Forced to adopt innovative methods to monitor patients from a safe distance, the coronavirus outbreak has caused a paradigm shift in the mindset of healthcare systems worldwide.
If digital healthcare innovation and telemedicine was only starting to penetrate hospitals and medical practices prior to the outbreak, COVID-19 has proved that its implementation is needed immediately.
During an early February meeting with Assaf Barnea, the chief executive officer of Philips and Teva-backed healthcare investment platform Sanara Ventures, the seasoned entrepreneur shared his forecast that digital solutions will dramatically change the way care is delivered in the next decade or so. Two months later, Barnea has halved the expected timeline.
"Digital health is materializing in front of our eyes, it is a quantum leap - instead of this happening in five, 10 or 15 years, this will now happen in two to five years globally," said Barnea, who enjoyed a 14-year professional basketball career in the United States and Israel prior to entering the innovation arena.
"Hospitals will now enter into artificial intelligence, analytics and remote monitoring of patients. Only major surgery will take place in hospitals in due course. We will be able to speak about the days before the coronavirus and the days after."
Ra’anana-based Sanara Ventures, which is seeking investments for its new Sanara Capital fund focusing on artificial intelligence-related solutions in medicine, currently has a portfolio of 16 companies. Some investors who were contemplating other technological fields are now revisiting opportunities offered by digital health, Barnea said.

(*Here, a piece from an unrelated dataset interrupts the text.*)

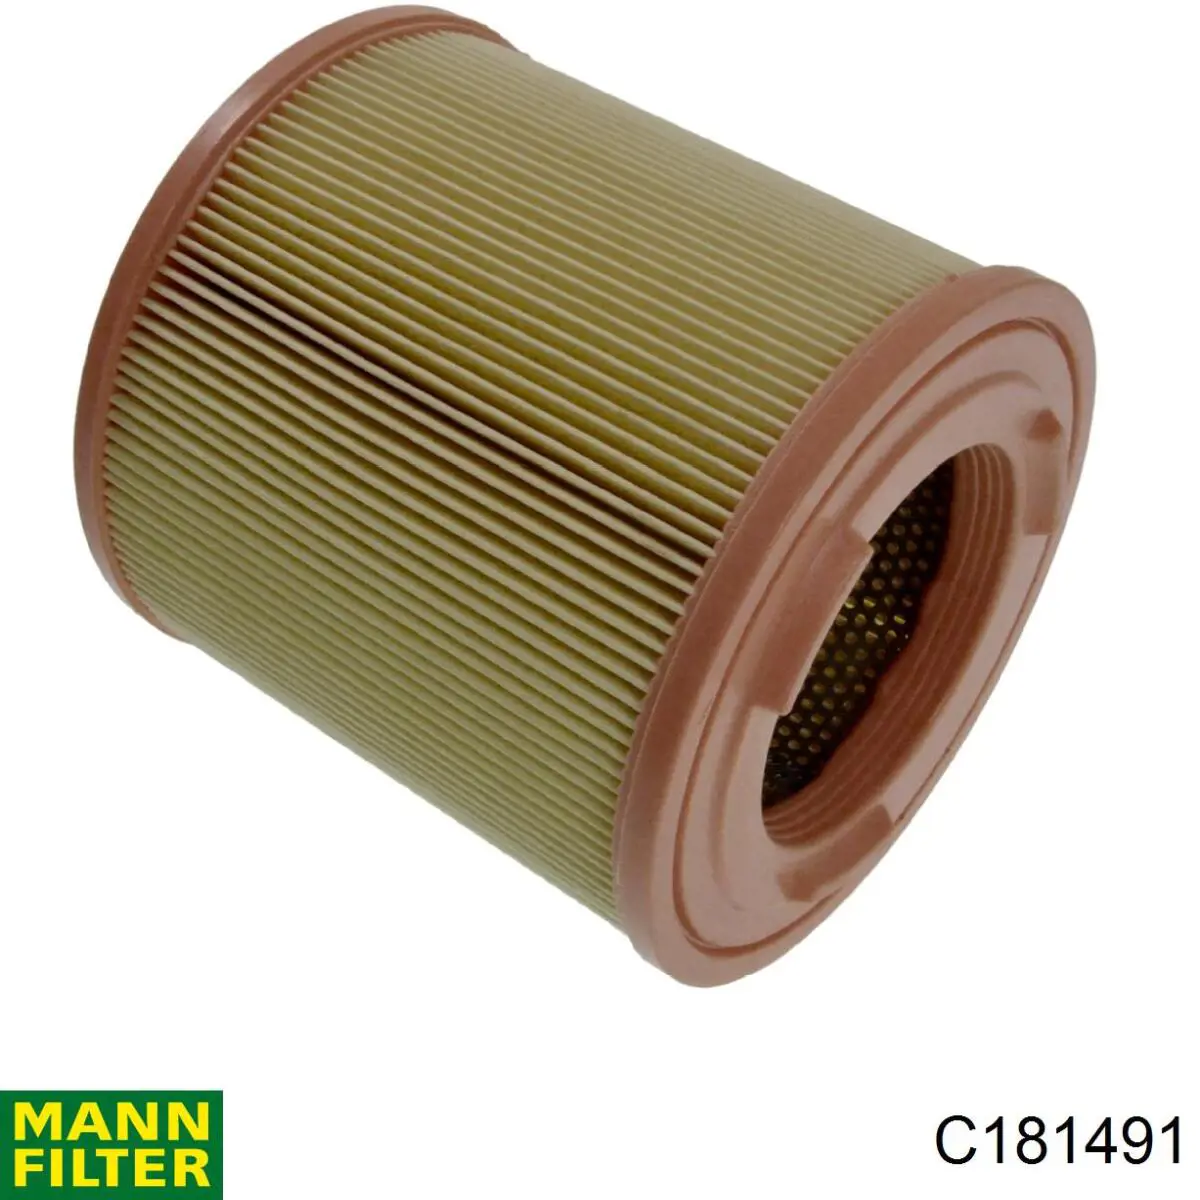 Filtro de aire C181491 Mann-Filter

Approximately 580 digital health companies are operating across Israel today, raising a record $662 million in 69 deals in 2019. In early 2018, the government approved a NIS 1b. ($290m.) five-year national digital health plan to accelerate technological development.
"It is not just about telemedicine, but also in terms of the need to analyze big data. Let it be data from Singapore, South Korea, the UK or Brazil, regarding whatever is helping patients. We need to see the pandemic through the eyes of the researchers," said Barnea, who also serves as chairman of the Israel Export Institute's life sciences board and as a business consultant to the World Bank.
"The need to share data and knowledge between healthcare ecosystems is exactly digital health. Instead of taking an electronic medical record here and there, we can analyze 300,000 or even 3 million patients."
The Export Institute is current building a catalog of "dozens and dozens" of Israeli companies offering solutions related to the crisis, Barnea said, ranging from companies producing ventilation machines to remote monitoring and disease management.
The catalog will be launched in partnership with the Economy Ministry and through the Foreign Trade Administration's commercial attachés worldwide, securing the leading role of Israeli innovators in the global transition to digital health.
Barnea said "tremendous interest" has been shown recently in Sanara portfolio company MyHomeDoc, where he also serves as chairman. The digital health smartphone add-on developed by the company, which enables nine primary care tests for patients at home, is nearing US FDA approval and could be rolled out in Israel within the next couple of months.
An in-built pulse oximeter, stethoscope and thermometer are particularly relevant for the monitoring of coronavirus patients, whether located in hospital, quarantine hotels or, ideally, at home.
"The leap to digital health is inevitable and everybody now understands it. It's a must-do transition, not a nice-to-have," Barnea said. "Once there is an internet infrastructure in hospitals in Africa and other places, we shall see the digital health leap like we've seen in cellular phones."
As hospitals are unable to integrate thousands of different solutions entering the market, Barnea says the entrepreneurs set to win are those who create holistic solutions "that can address multiple medical diseases and be integrated easily."